## Your task
Within the records below, find the line with "Ice Cream Image Cone Sundae Cupcake PNG" and the line with "Cats traumatized by baths", then reproduce exactly those two lines and all lines between them, without any picture.

## Records for this exercise
+++
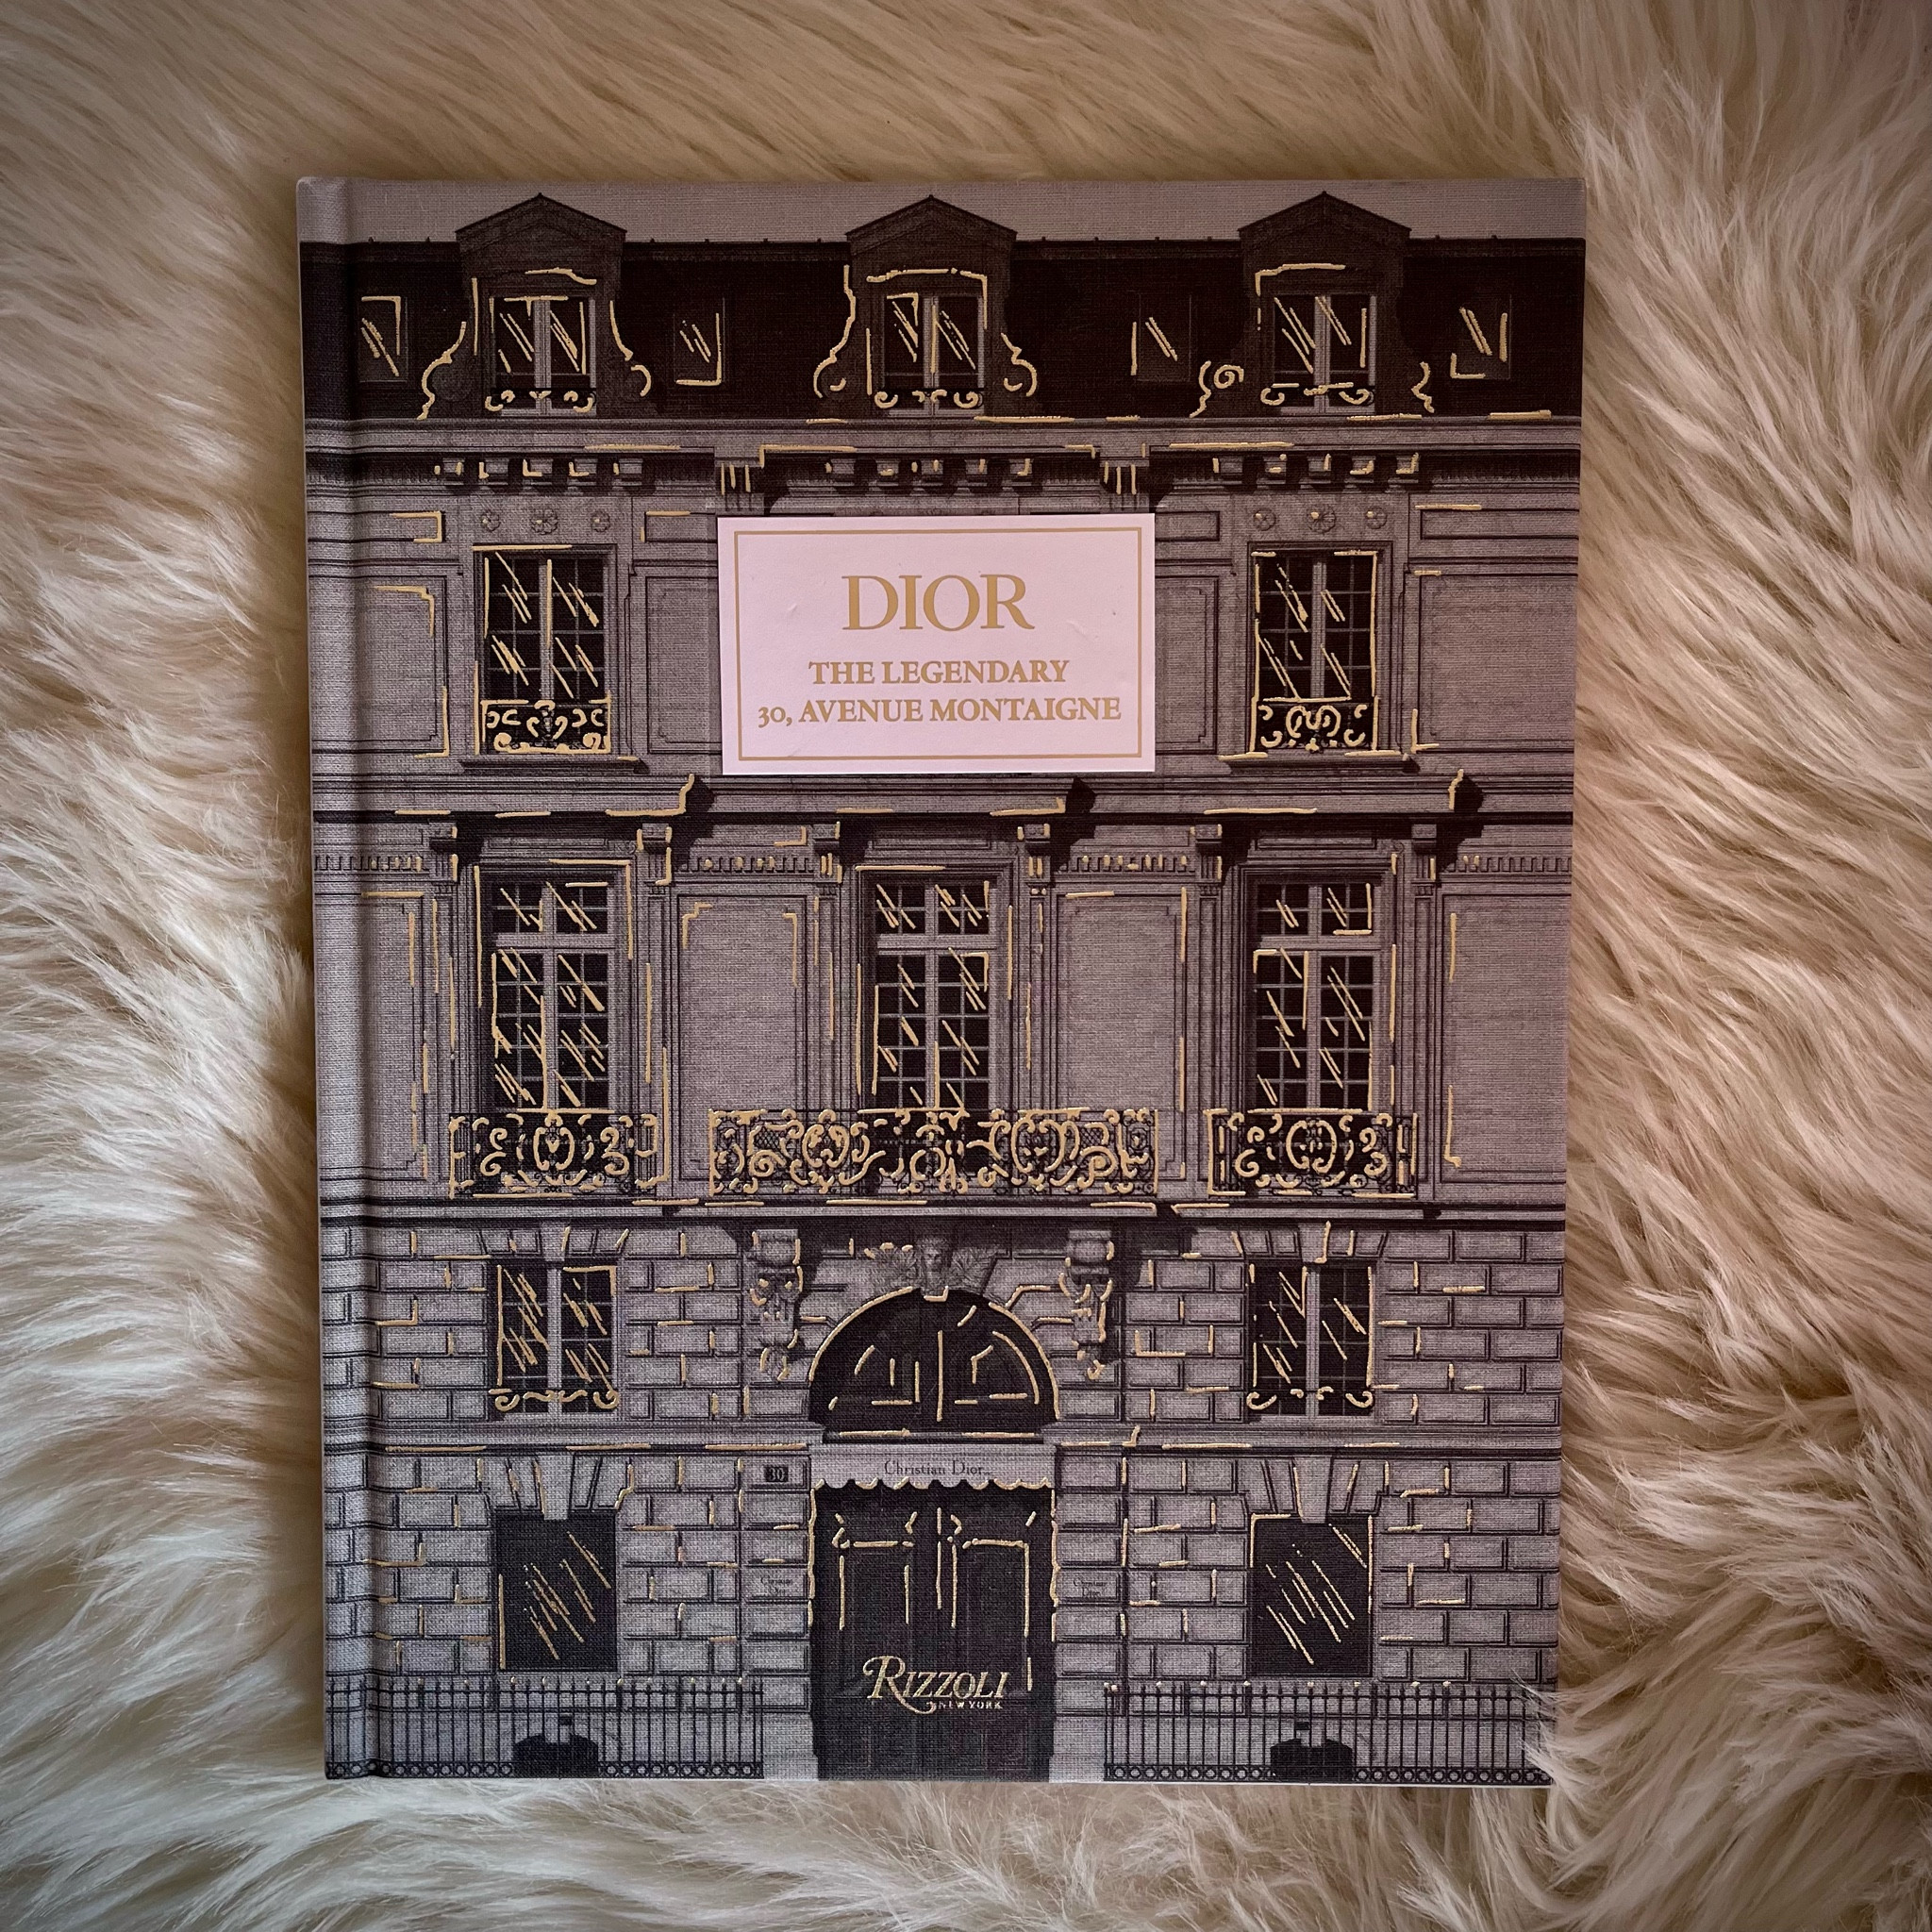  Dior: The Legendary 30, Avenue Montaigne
+++
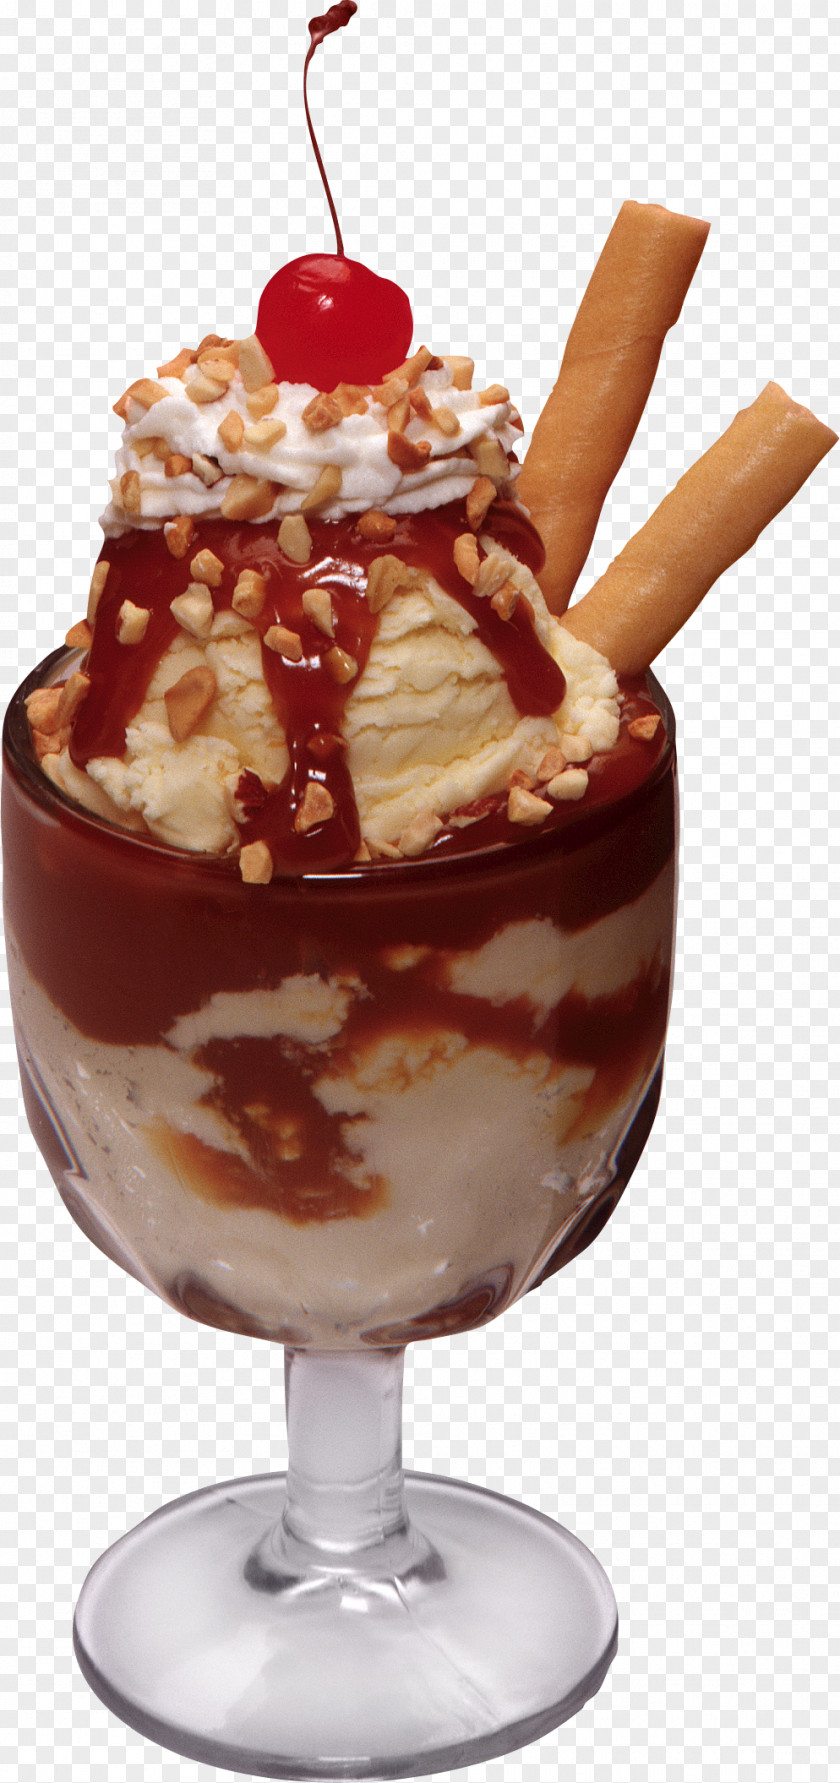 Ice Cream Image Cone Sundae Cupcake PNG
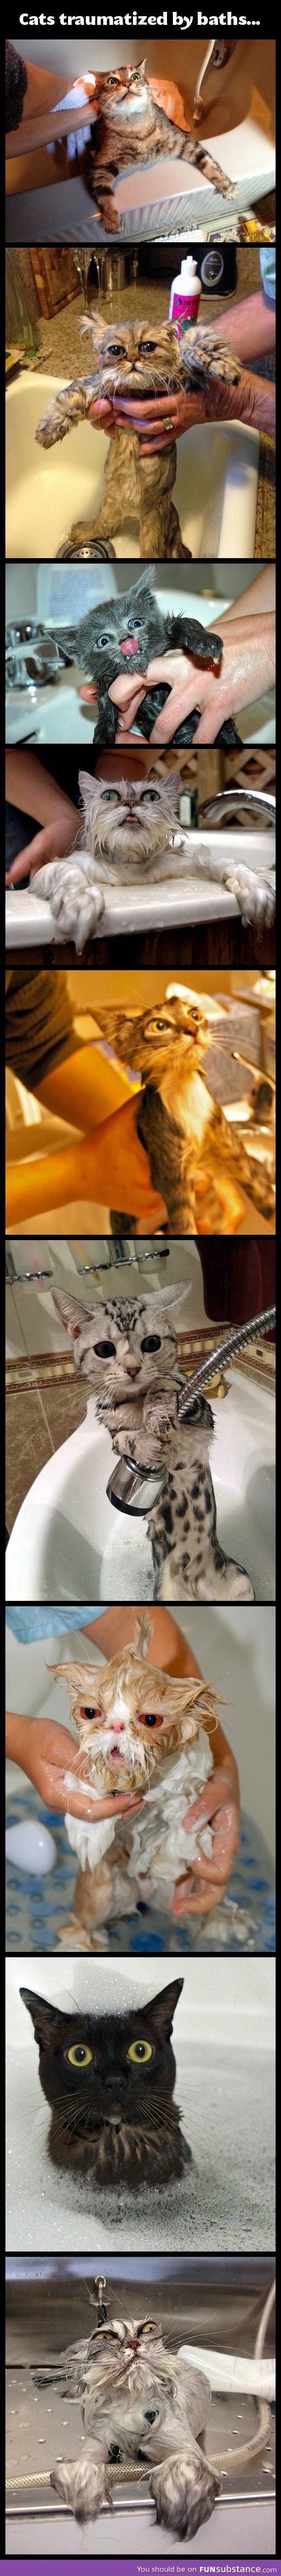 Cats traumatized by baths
+++
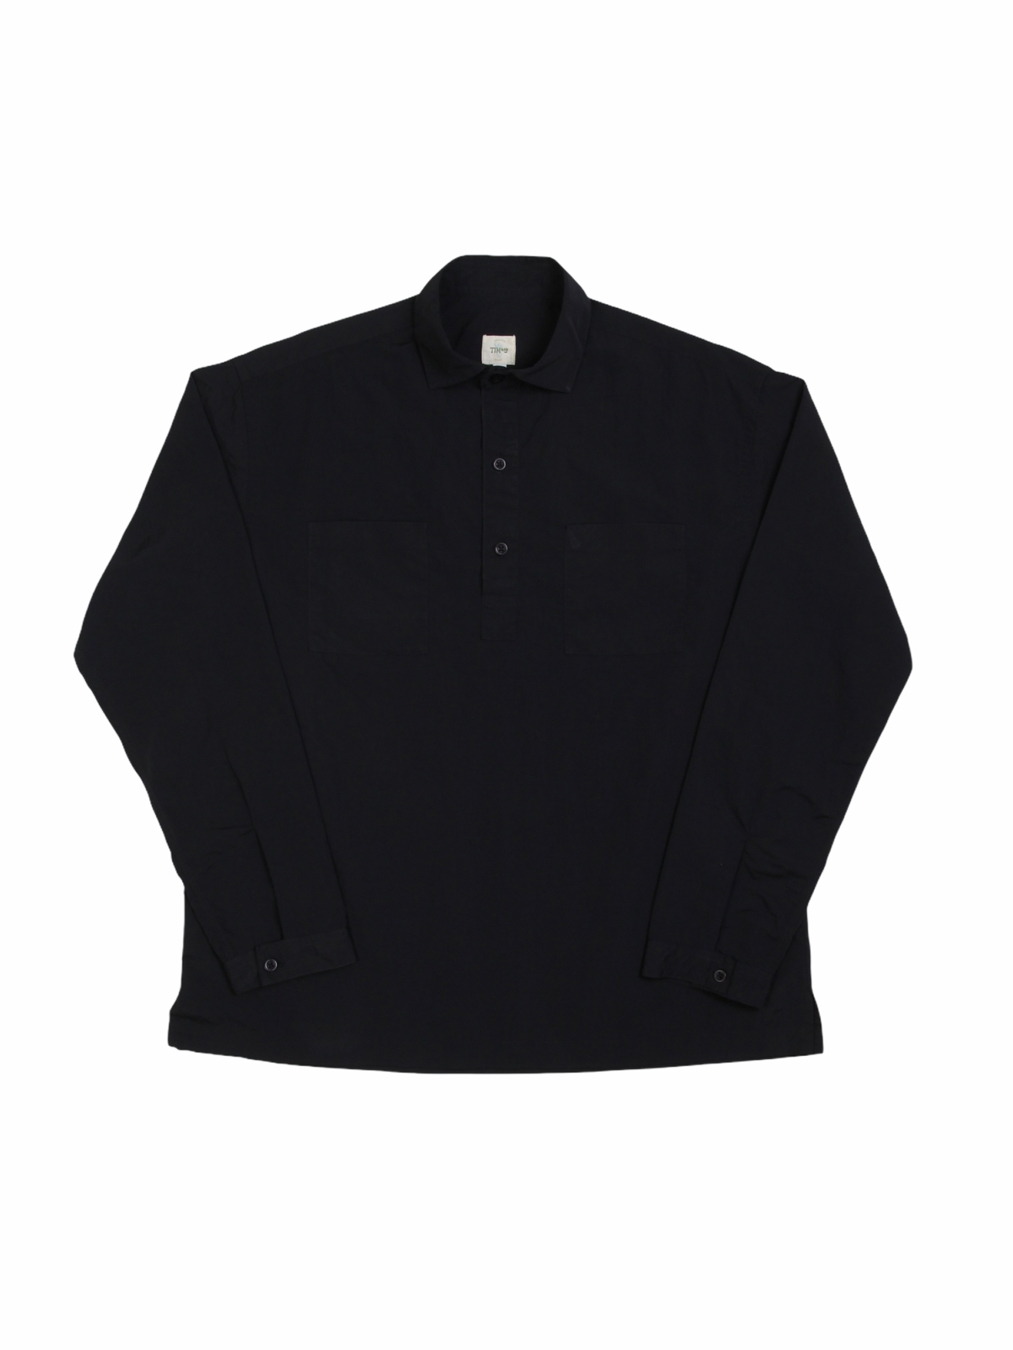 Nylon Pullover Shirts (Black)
+++
## Output of the task
 Ice Cream Image Cone Sundae Cupcake PNG
 Cats traumatized by baths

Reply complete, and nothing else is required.